I am more concerned by bait and switch that is comming, people will get used to convenience for $100 a year or $100 a month and after 10 years they do price 5x and what are people going to do?


> The productivity gains I'm seeing right now are unprecedented.

How long have you been in the industry?

This does not seem a revolution compared with database standardization, abandonment of assembly for most coding, introduction of game engines, etc.

I see a lot of hype for LLMs from people that do not have the experience to compare them to anything else.
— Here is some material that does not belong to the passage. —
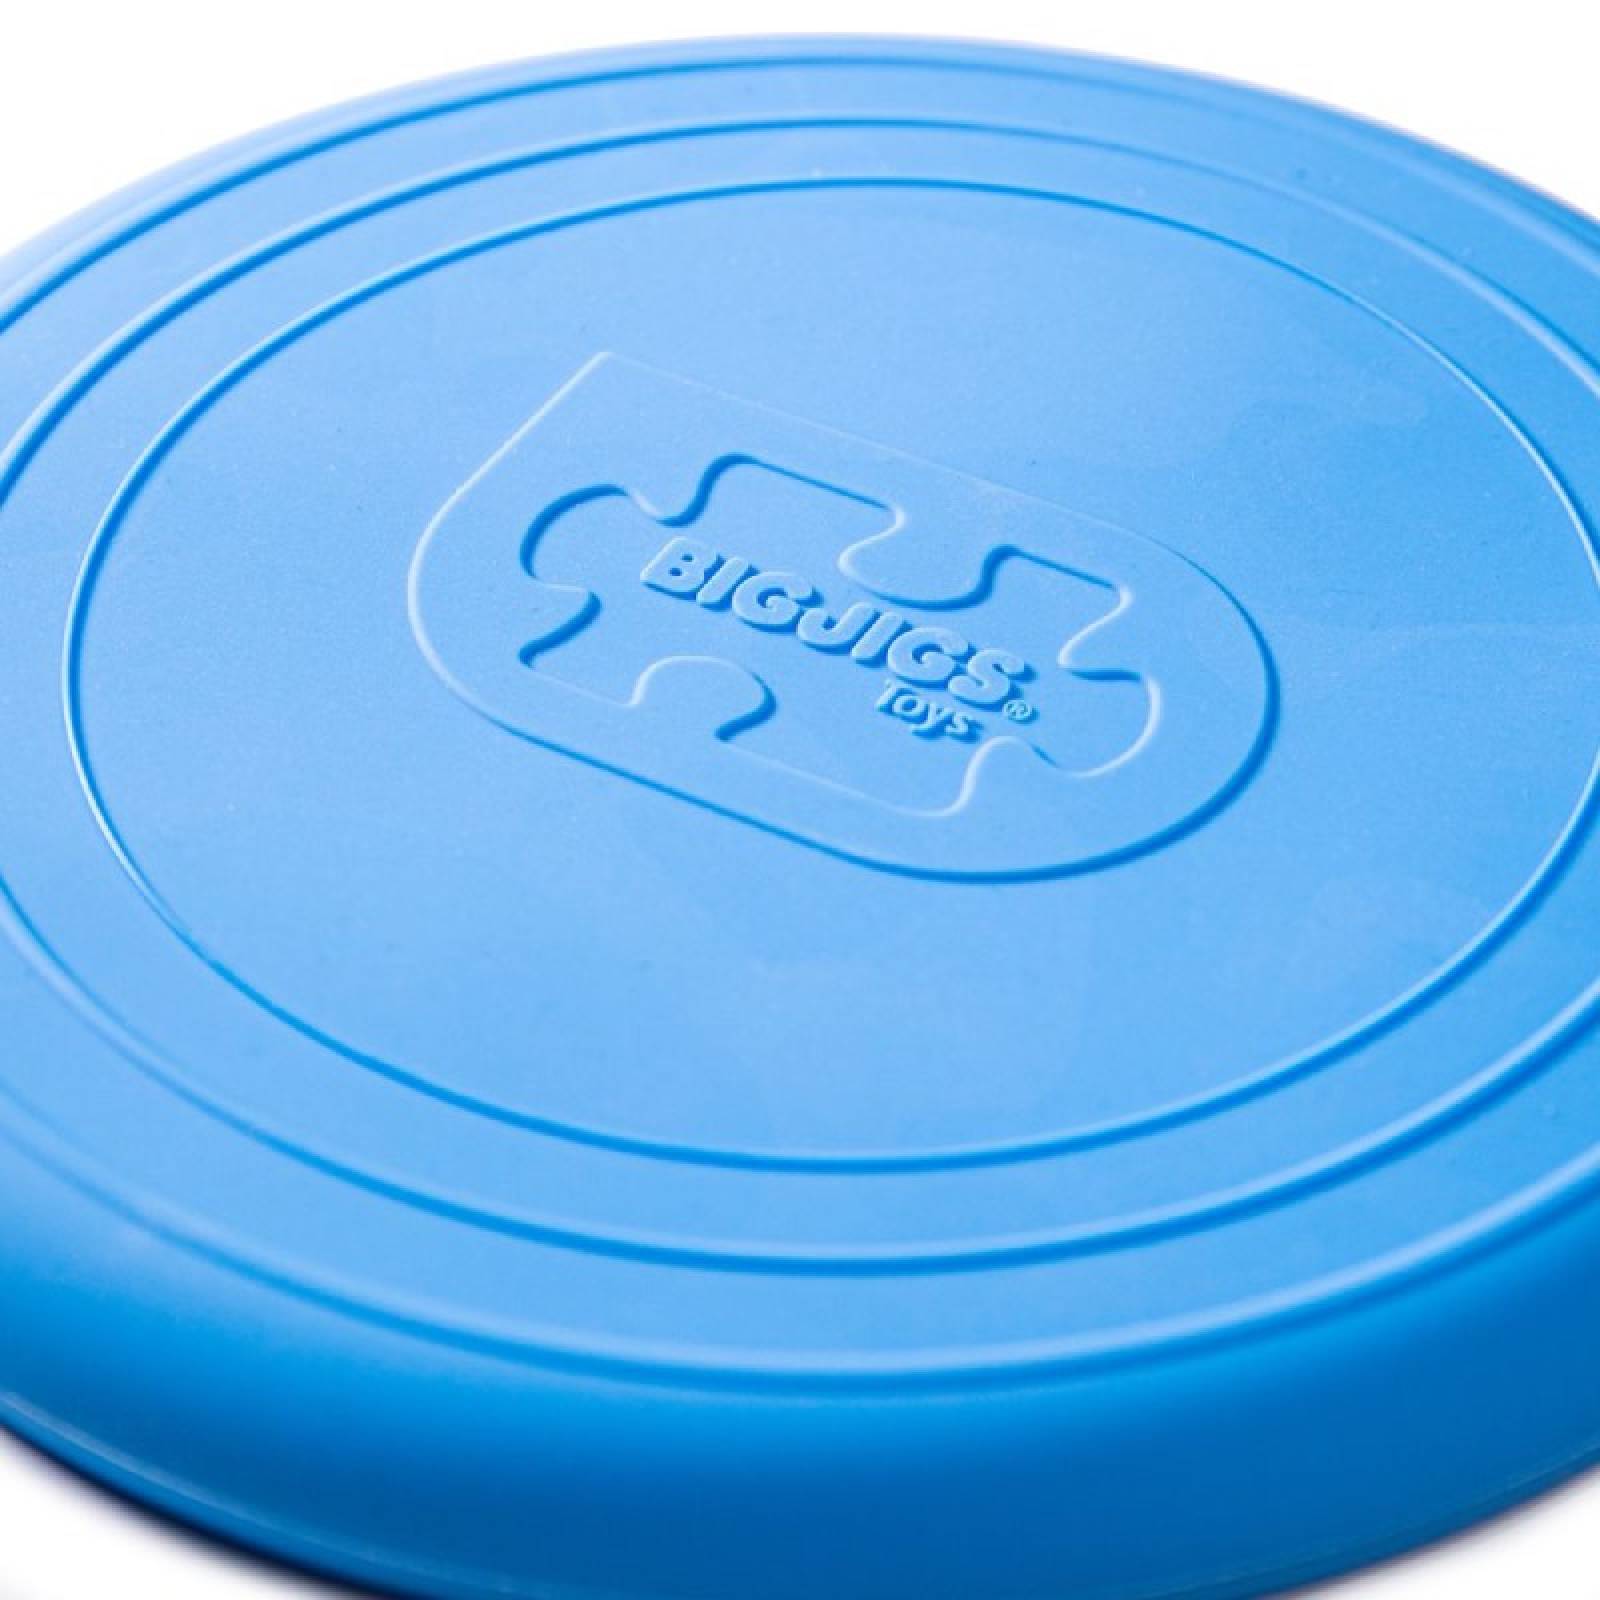 Foldable Flyer Frisbee In Ocean Blue 1+ thumbnails

I been doing development for over 25 years and I completely agree with what they are saying. It's similar to going from punch cards to terminals. We were using assembly, COBOL, and Fortran in the 1990's and into the early 2000s. Zork even had a game engine. These are not the revolutions you think and have no hard cut off when change happened.


Are you actually reading the code? I have noticed most of the gains go away when you are reading the code outputted by the machine. And sometimes I do have to fix it by hand and then the agent is like "Oh you changed that file, let me fix it"


> My belief in this tech isn't based on marketing hype or someone telling me it's good – it's based on cold reality of what I'm shipping daily

Then why is half of the big tech companies using Microsoft Teams and sending mails with .docx embedded in ?

Of course marketing matters.

And of course the hard facts also matters, and I don't think anybody is saying that AI agents are purely marketing hype. But regardless, it is still interesting to take a step back and observe what marketing pressures we are subject to.


> I'm seeing legitimate 10x gains...

Self-reports on this have been remarkably unreliable.


0.05x to 0.5x


You are speculating. You don’t know. You are not testing this technology— you are trusting it.

How do I know? Because I am testing it, and I see a lot of problems that you are not mentioning.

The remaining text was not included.